Fe cares because it's inappropriate, because it's not "right."

MBTI is not the "real" way to view things, it's just a framework. Fi & Fe are useful conveniences but still only facets/approximates of human behavior and motivation.

I think Fe and Fi have the TENDENCIES you describe... but once people start insinuating that people viewing the world through Fi have no respect for what is appropriate and that Fe people do not actually care about others, it's veering far away from reality.

All those feelings tend to be within each individual, and usually our motivations are a muddled mix. We're discussing priorities and stacking and perspective, not saying that a certain motivation is not at all part of the mix.

good point, though that pretty much is Fe, is it not?

Is it, exclusively?

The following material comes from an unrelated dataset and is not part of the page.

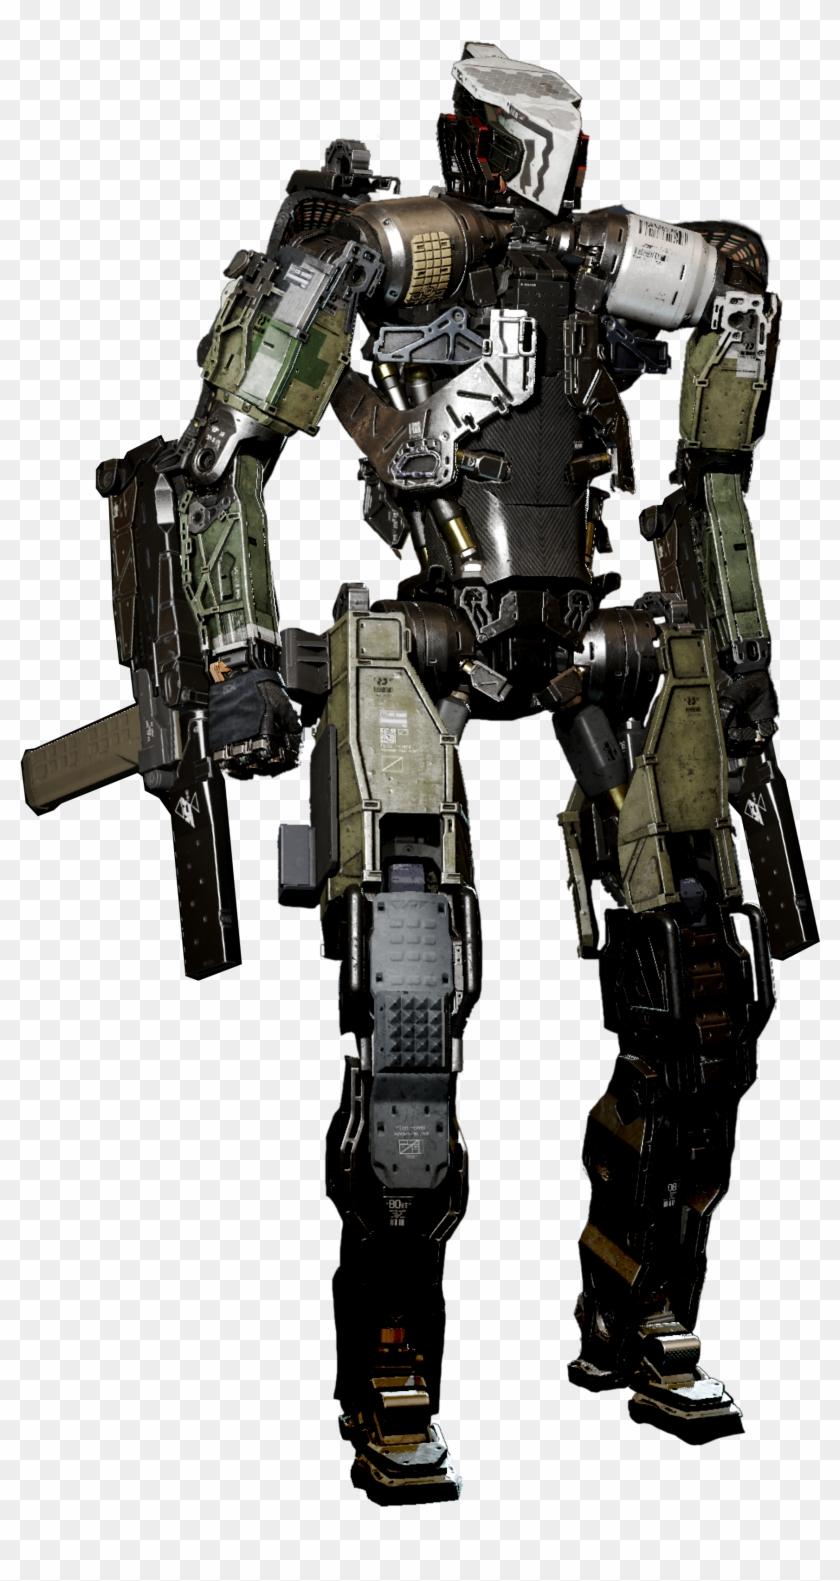 Cod Infinite Warfare Mp Rig Synaptic, HD Png Download.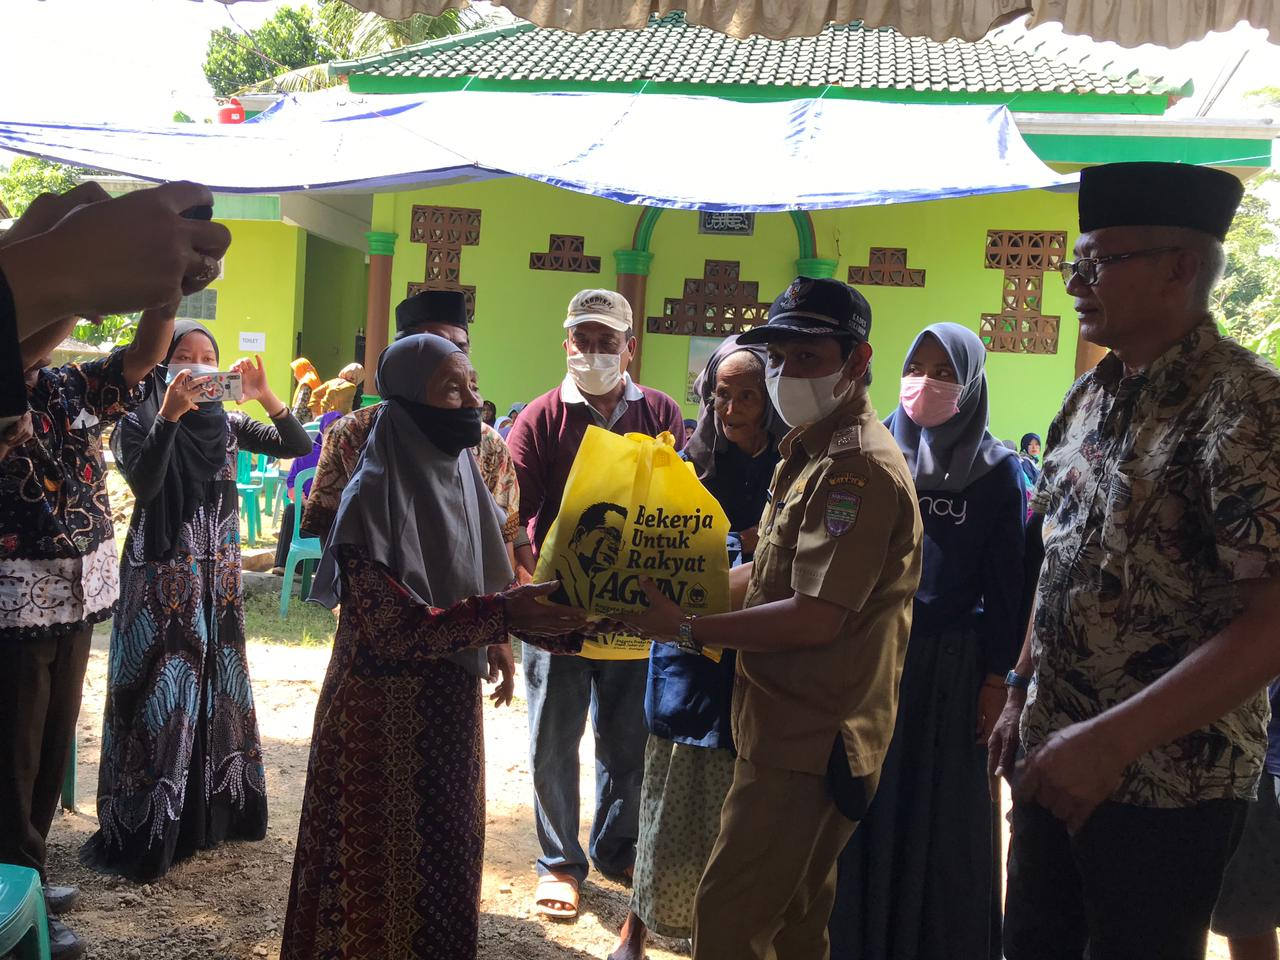 Kunjungi Pabrik Sale di Pamarican, Agun Gunandjar Minta Perbankan Pro Aktif Beri Permodalan UMKM

What if one of your personal values is not inconveniencing others?

It's kind of funny that I know a lot of people from both ends of the map, and I get along with them just fine and find "common good" with them. We're both still interested in the same sort of positive things regardless of Fi or Fe status. There's only a handful of people who seem to take an extreme view of one or the other (social stability vs personal vision) at all costs that I seem to butt heads with. Most people seem to have degrees of both desires within them.

good point, though that pretty much is Fe, is it not?

Is it? What if one of your personal values is not inconveniencing others?

@OrangeAppled: Thanks so much for your post. Still absorbing.

THIS is Fe "diplomacy"? What am I missing? If you think her understanding of Fe is wrong, correct her by all means, but making it personal/emotive and trying to guilt her into expressing herself differently is unjustifiable, IMO.

Stop imposing motivations on me that do not exist, Morgan.

I already know that EW is not one to be "guilted" into not doing something, she's a pretty established character on this forum. I'd be an idiot if I was engaging her in order to do that, wouldn't I?

I'm also not primary Fe, so I use it differently... and sometimes poorly. Maybe I screwed up here.

All I knew is that she respects honesty rather than fake civility, and I was also frustrated by my emotional bias here... so I decided to just be honest about it rather than pretending it didn't exist. I figure the best way to be understood is to admit bias up front, and she would respect that more than another approach.

You can stop mislabelling my (potentially misguided) attempt at authenticity as manipulation any time you like. I'm not whoever you happen to be projecting onto me, nor have I been.